Brian covers that interesting concept with us. Third, who determines whether something is easy and
understandable. And then finally, one thing that you can do to make sure that everyone always comes to
you as the project manager with every single question they could possibly have. Hi, this is not something
you want to do.
Chris
So let's get right into our episode. Keep your PMO engine running smoothly with great information. We
we'd like to welcome everyone to this episode of Great Practices, and we are looking forward to talking to
our guests today. Who is Brian Garner? He is the director of content strategy for White Deer Group. You
may say to yourself, well, what in the world does content strategy have to do with PMO? And we'll talk
about that in a little bit about what that looks like. But to start things off, Brian, what I'd like to do is just
you tell us a little bit about who you are and what that means to be director of content Strategy.
Brian
Who I am is I've been doing content strategy and website development for 25 years or so. Anybody who
build Web pages, you know this back in the early days, you want to change the header or the footer and
you've got a change every page or cut and paste across each dot HTML file.
Chris
Right.
Brian
And content reuse became a really big thing for me back in the early 2000. Anytime you can write once
and publish everywhere, such a huge time saving, it created consistency. So I started with SSO and
moved into a little PHP and did some cold fusion. If anybody remembers that. And now content
management systems really kind of make that happen. So what we do at what Dear group is work with
companies who have a large number of documents, a document library. We help them create, publish,
and manage in a way that helps reduce accuracy erosion and maintains the integrity of the information
because it changes the info changes depending on who you're talking to and what your objective is.
Brian
But a lot of it remains the same, the core parts of it.
Chris
Yeah.
Brian
And we help folks to modernize get out of PDFs to future proof, so that change happens, so you might as
well embrace it and to measure where we can.
Chris
All right. Excellent. I like a lot of those concepts that you're bringing to the table there, particularly that
whole concept of create, publish and manage, and we're going to get more into that in a little bit. But I just
do want to set up this conversation before we start start going down that path because this is a podcast
that's primarily focused on the PMO leader. So the assumption is that most people that are going to be
listening to the show have a PMO, and that means if their organization as a PMO or they're part of a PMO
that they take projects seriously.
Chris
So the way I look at that is that let's say that the PMO drives projects to closure. So if the PMO is the
engine of a projectile organization, then it's got to have fuel to run. And to me, that fuel is content and
information. That's really what feeds into this engine in order to run this PMO. And that's where I was
excited about talking to you, because that's where your experience and your expertise comes into play is
because you can really help us understand. How can we leverage this content and information?
Chris
I think you said that there was accuracy erosion, right. That's a great. That's a great term, because that
happens all the time. The second that document is done, it begins to erode as far as its accuracy goes.

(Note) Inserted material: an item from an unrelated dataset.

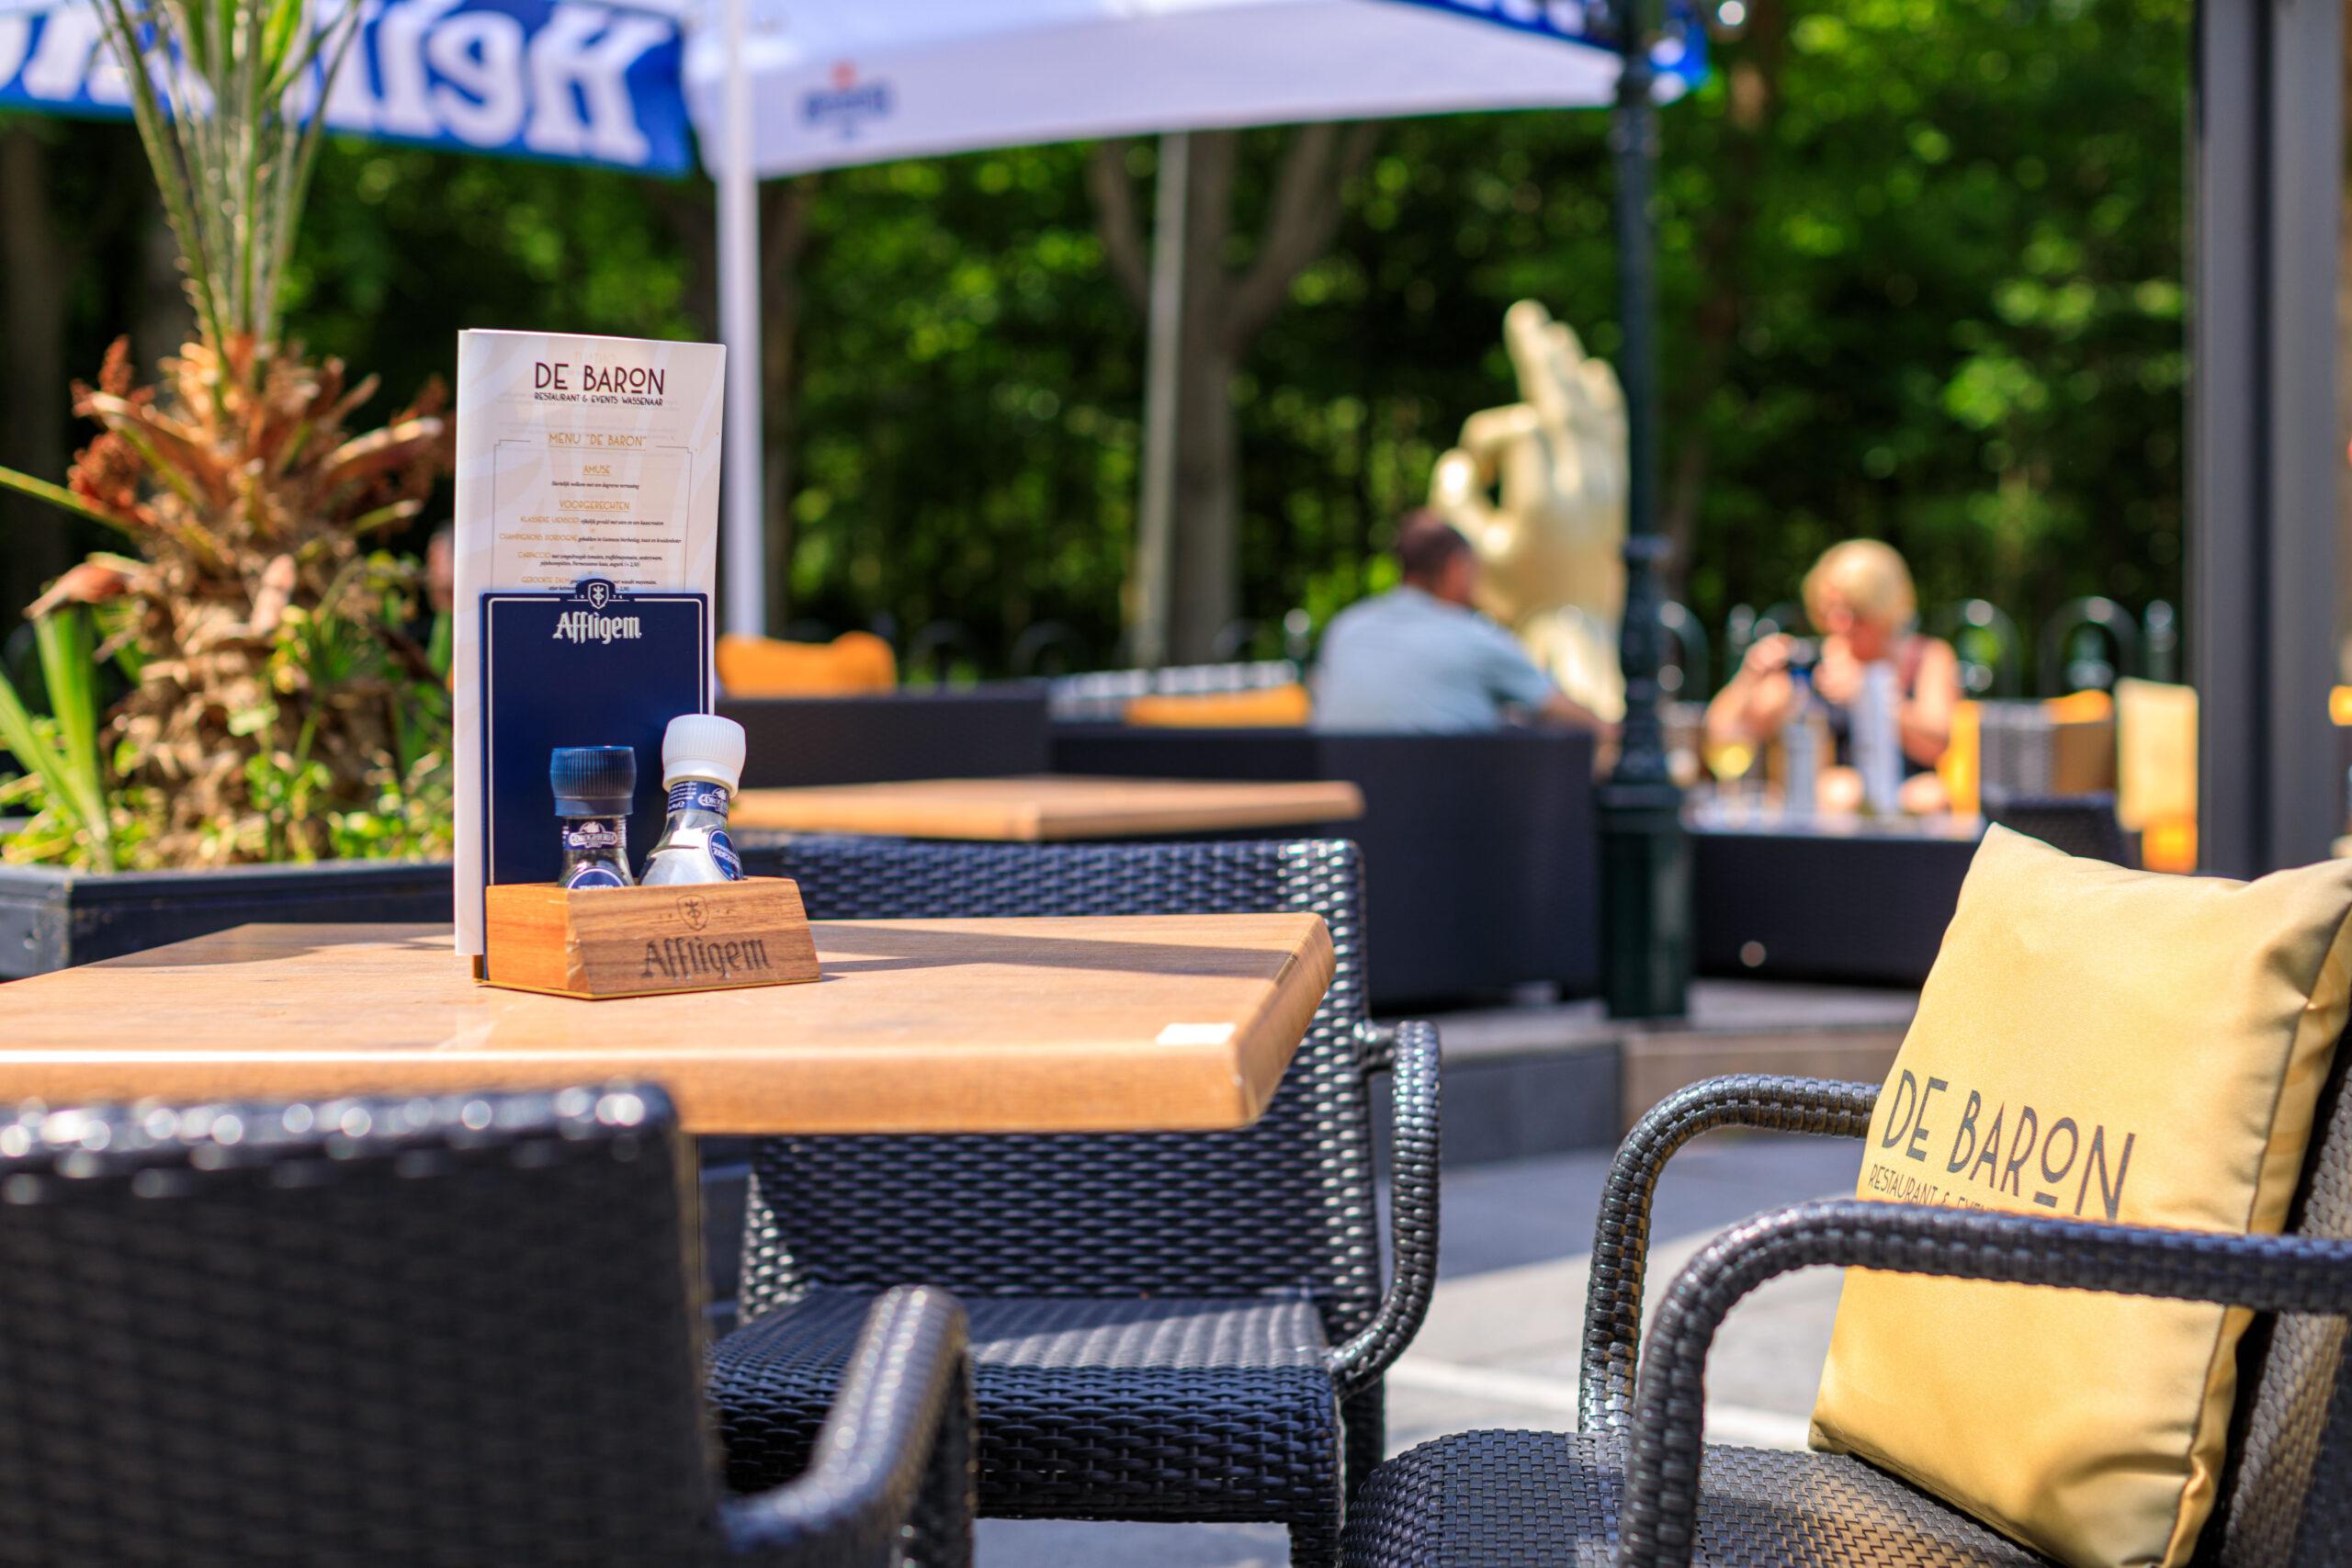 De Baron restaurant & events Wassenaar Terras Tafel

So that's some of the things we want to talk with you about today about how can we maintain that? Brian,
what are some of the different types of content and information that you know throughout your experience
that surrounds projects and PMOs. So.
Brian
There are different types of PMOs, and you get you and I kind of discussed a couple of differences
between ones that you've been in and ones that I've been in. There are common PMO artifacts. There's a
charter, there's a BRD and FRD project plan, a risk mitigation strategy, a change log. A lot of those things
are just common standard artifacts that may not be used on every project.
Chris
Right.
Brian
When I was at Delta, then our PMO is actually responsible for developing the user ads and the play
books as well. And then they didn't hand them over to a training team. They handed them over to a
business team. So for a web content management system, they created the training guides and then they
turned them over to us, the content operations team. So that document had a longer shelf life and it
needed to be updated over time for the different versions. And as we learn new things.
Brian
But a lot of those documents also kind of reuse content. The scope is in a lot of them. The business
reason is in a lot of them. And if you're cutting and pasting that's fine. As long as when you update one,
you're updating to or three or four.
Chris
Right. And I think that's a key point because you mentioned that is that it's going to vary from company to
company. It's going to vary from project to project. It's going to vary from project manager to project
manager. As far as there may be this core framework of content, but it's going to be the project may be
highly complex and have a ton of content surrounding it, or maybe a lot simpler and just have a little bit.
But regardless, the problem is going to be the same, right?
Chris
No matter what those artifacts are. So what are some of these challenges and the problems they create
when it comes to like you're saying that content getting stale and old or disconnected and orphaned and
all these terrible things that happen to content and information.
Brian
There are three areas to any content practice. And if you're a PMO, you are a content practice, whether
you like it or not, there's published and there's management. And each one of those plays a part in the
accuracy and whether or not you're getting the right information to the right people at the right time. The
ultimate goal would be that everybody can get what they need. They ask you what time it is. You don't tell
them how to make the watch. You can tell them what the time it is, right.
Brian
And if they just want a piece of information, they don't want to be a seven page document in order to get
that. So that's one aspect of it, the other. A key part of this is the ability to self service that information.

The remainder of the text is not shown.